> The task: Every line of the listing below from the one with "پرچم مالدیو بجای" up to and including the one with "Strafprozeßordnung (StPO) der" should be retyped exactly, and nothing else; pictures are not part of the copy.

> Provided material:
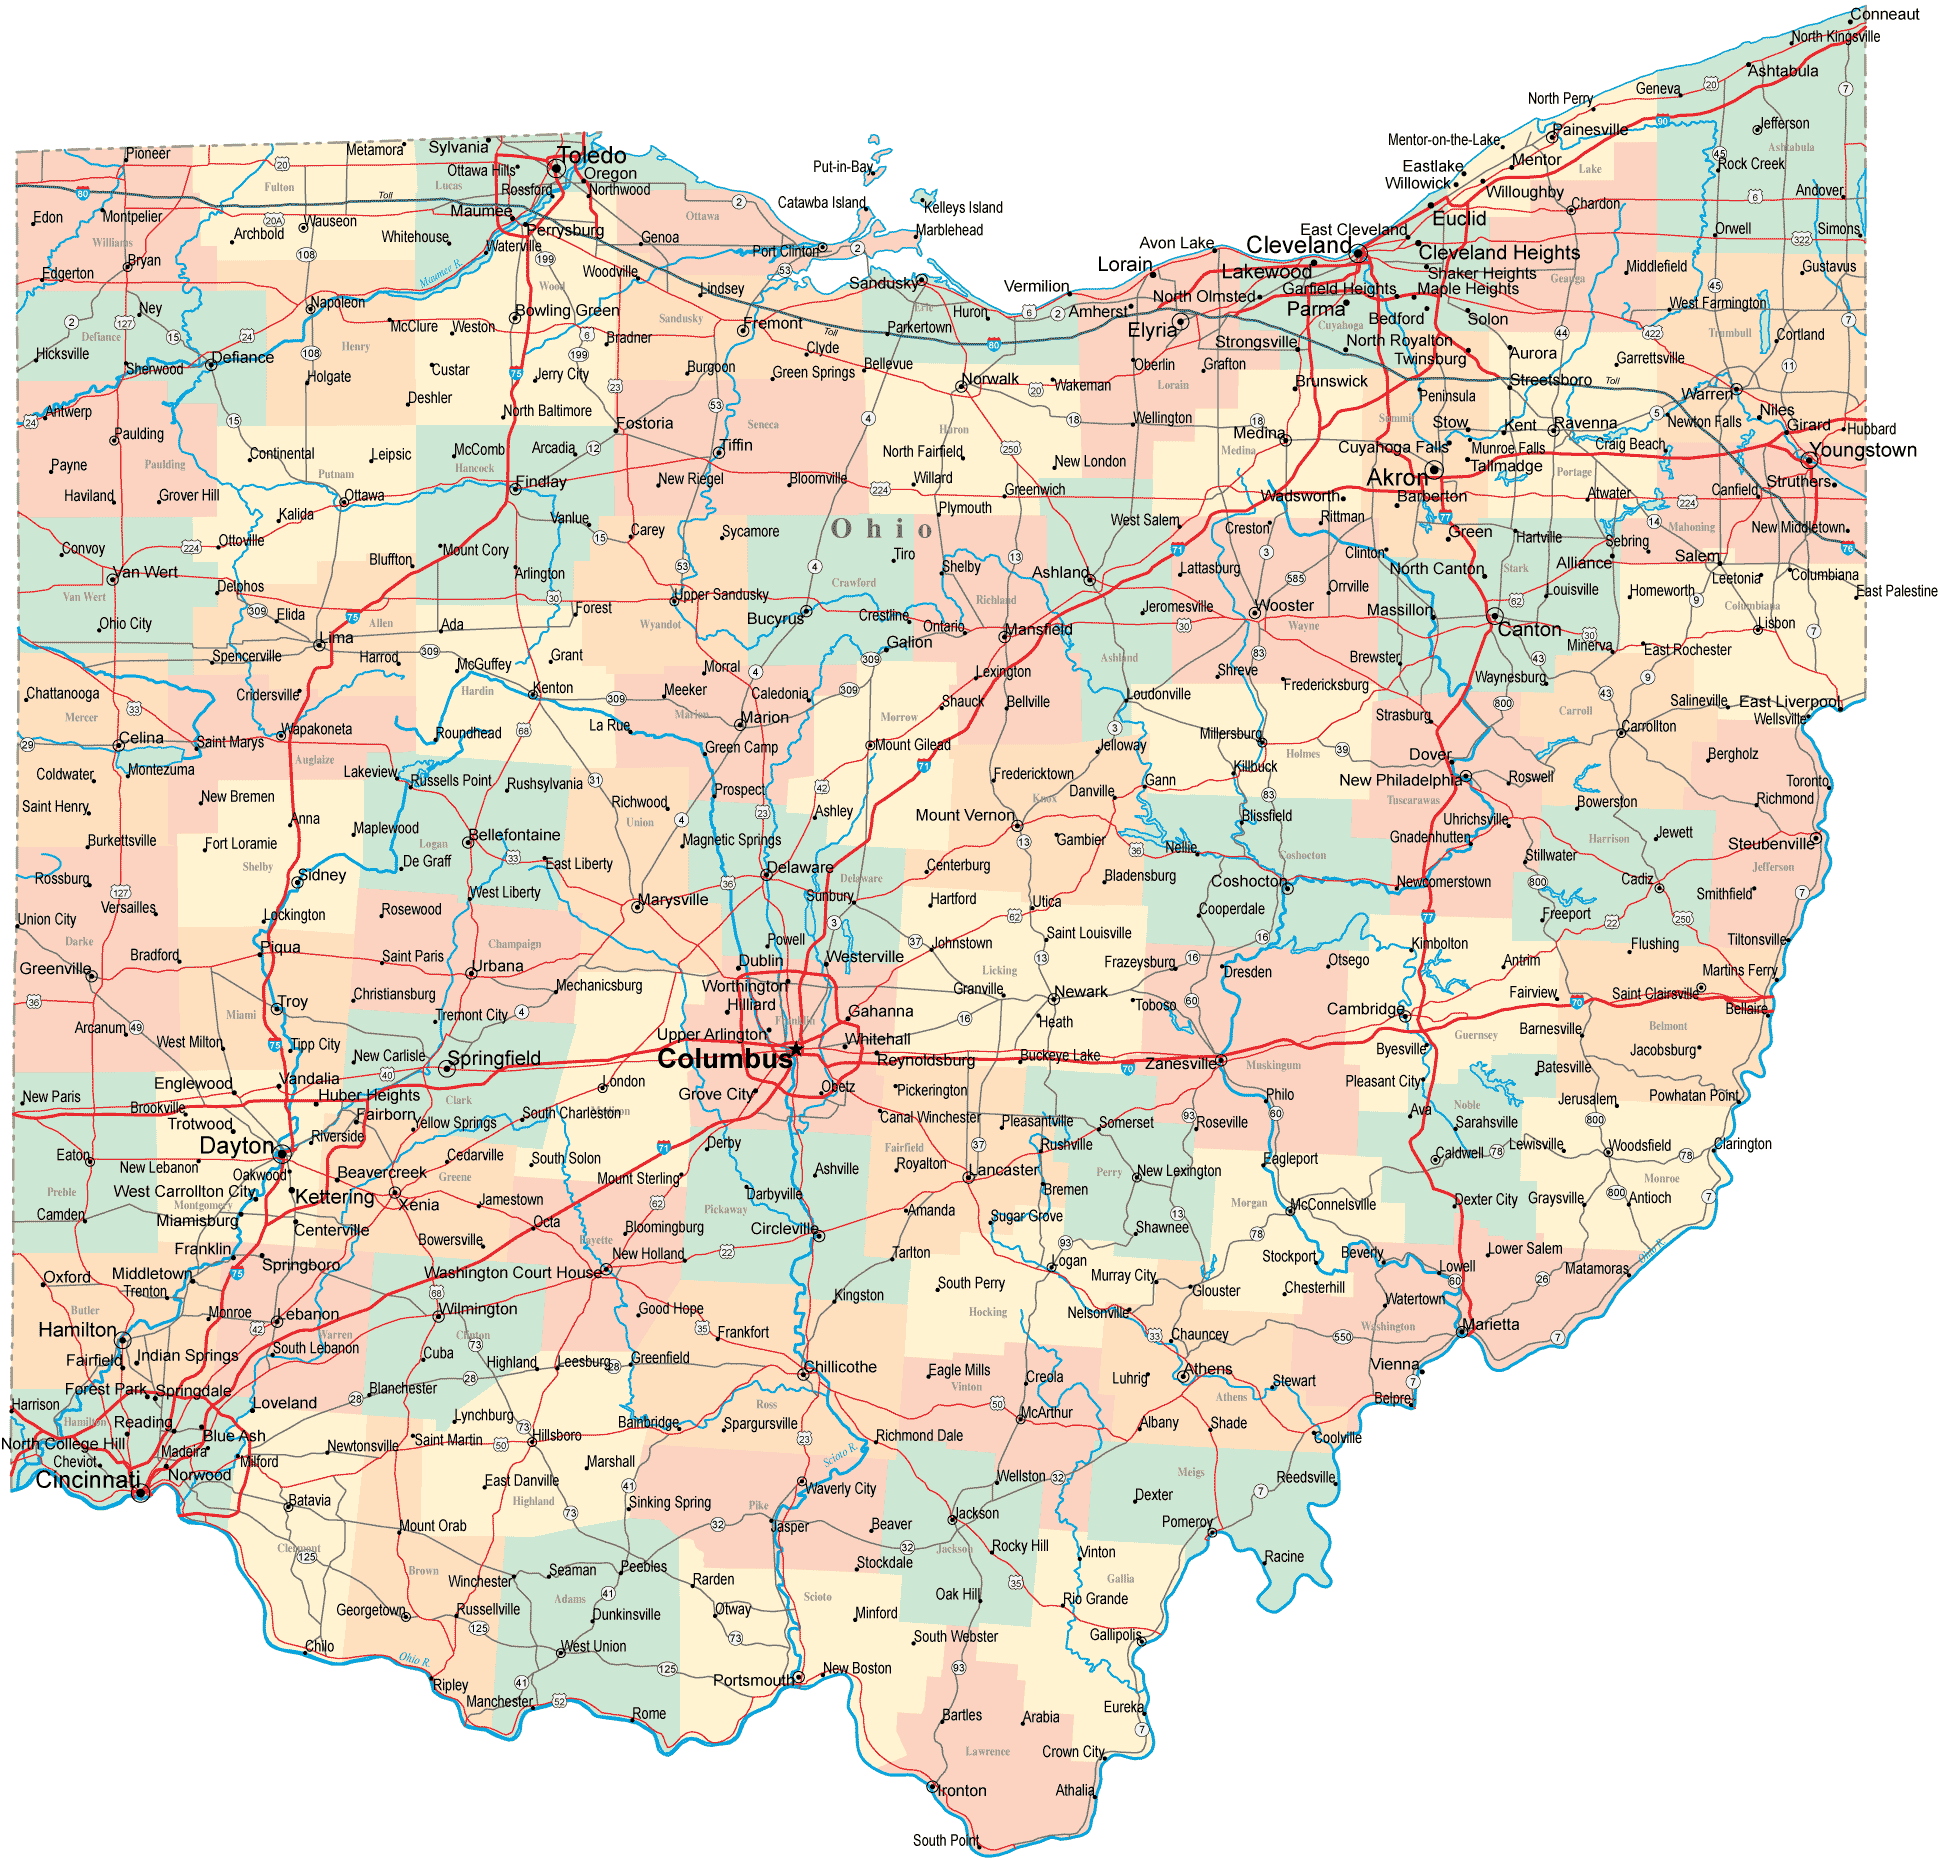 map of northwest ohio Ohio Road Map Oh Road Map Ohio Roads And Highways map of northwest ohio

---

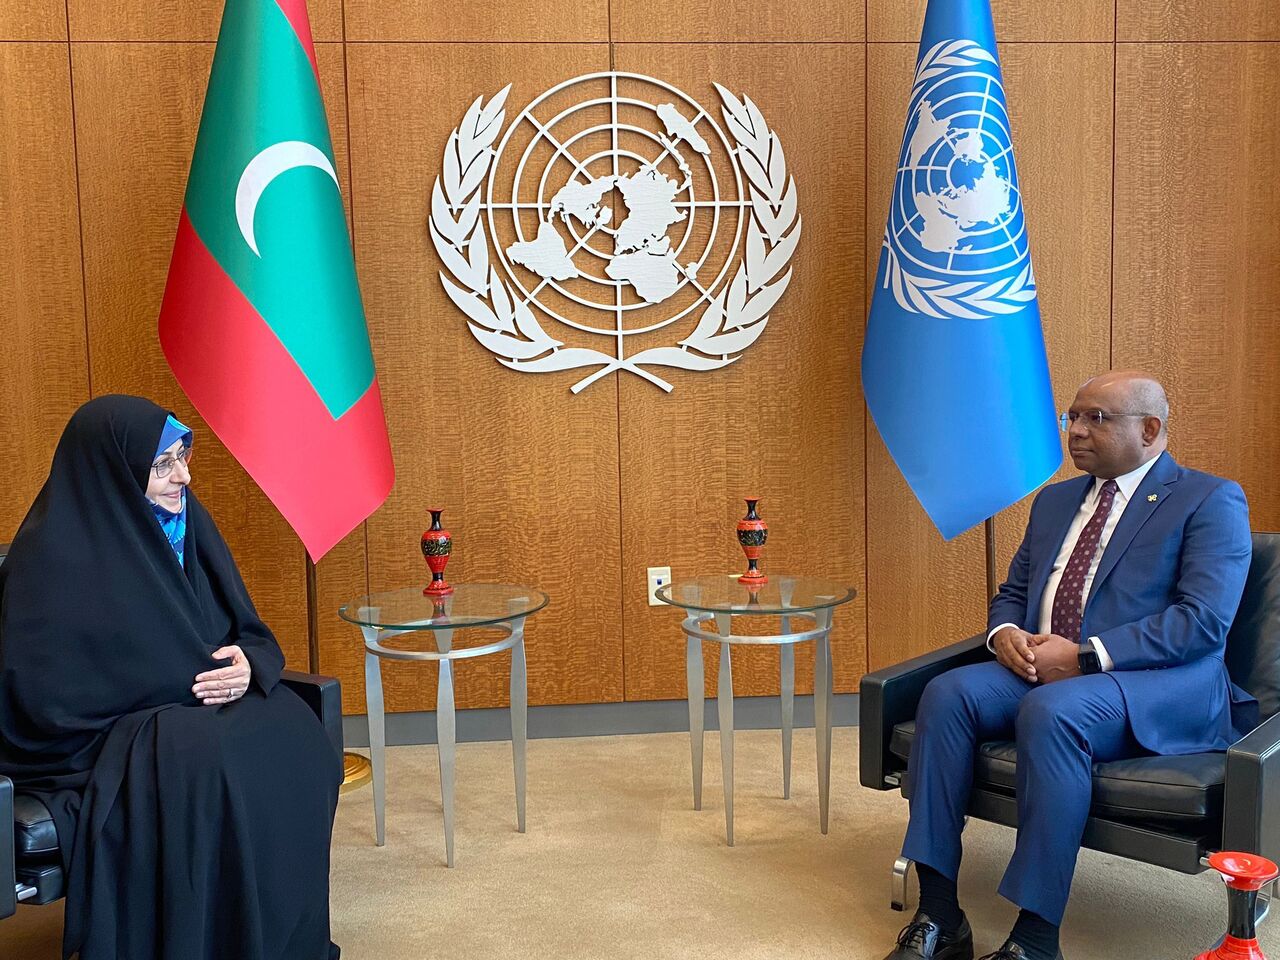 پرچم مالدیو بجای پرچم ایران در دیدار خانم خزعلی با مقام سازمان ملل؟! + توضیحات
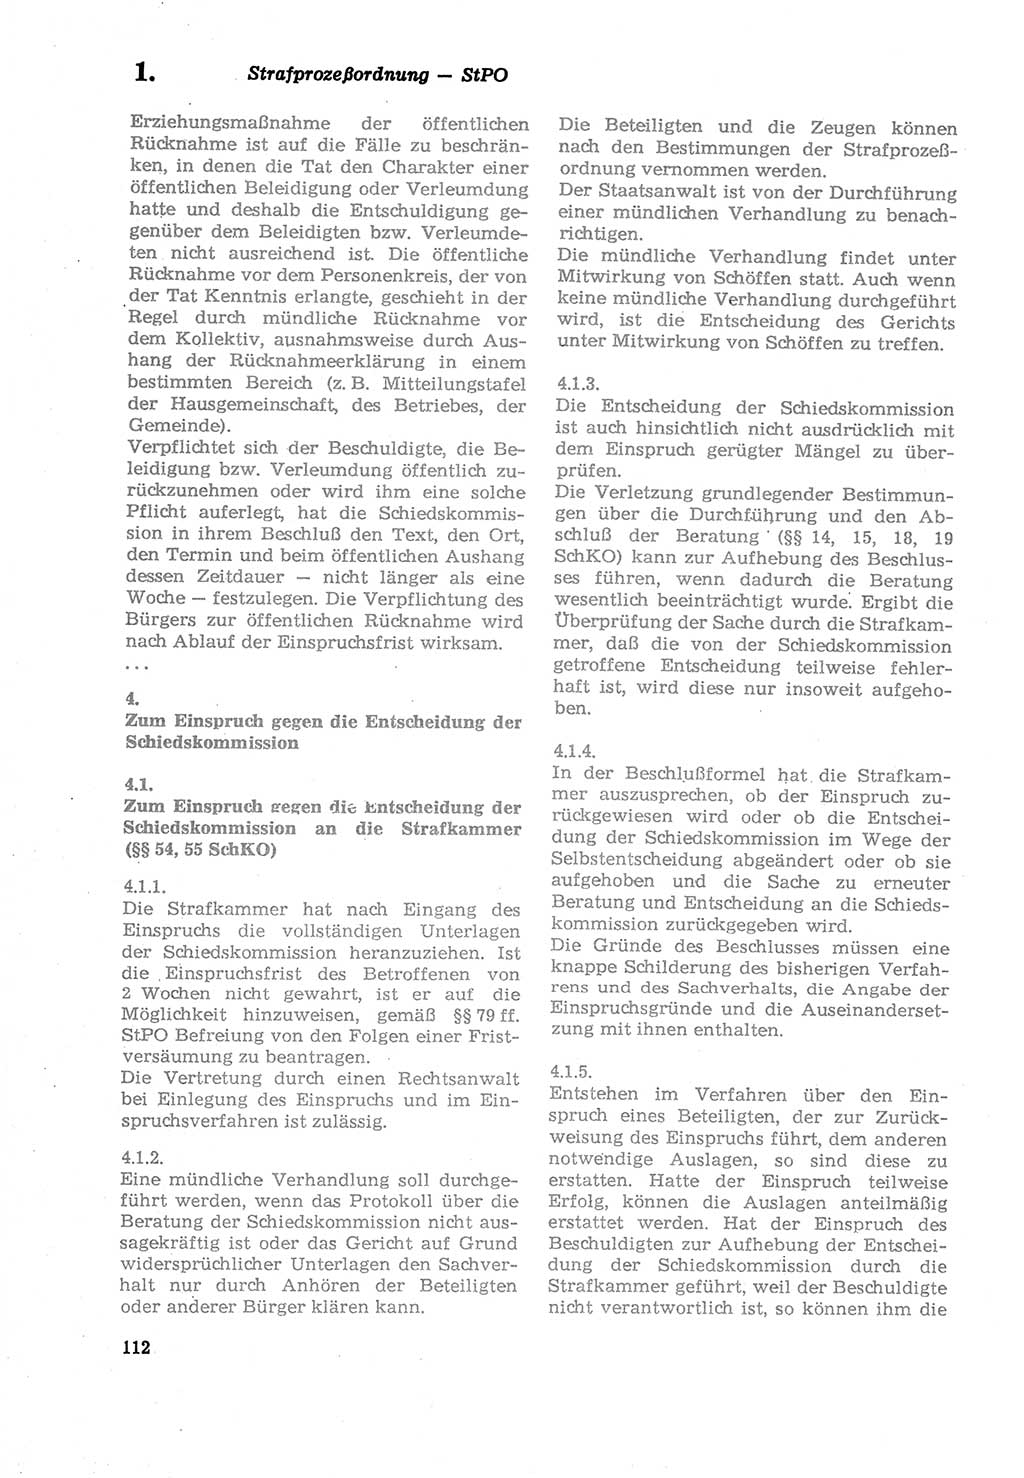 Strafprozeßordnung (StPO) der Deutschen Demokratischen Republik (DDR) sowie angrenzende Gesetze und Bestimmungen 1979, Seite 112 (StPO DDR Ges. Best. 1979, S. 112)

...

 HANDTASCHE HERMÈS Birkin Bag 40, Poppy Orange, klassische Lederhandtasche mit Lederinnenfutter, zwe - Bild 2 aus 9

> Response for this exercise:
 پرچم مالدیو بجای پرچم ایران در دیدار خانم خزعلی با مقام سازمان ملل؟! + توضیحات
 Strafprozeßordnung (StPO) der Deutschen Demokratischen Republik (DDR) sowie angrenzende Gesetze und Bestimmungen 1979, Seite 112 (StPO DDR Ges. Best. 1979, S. 112)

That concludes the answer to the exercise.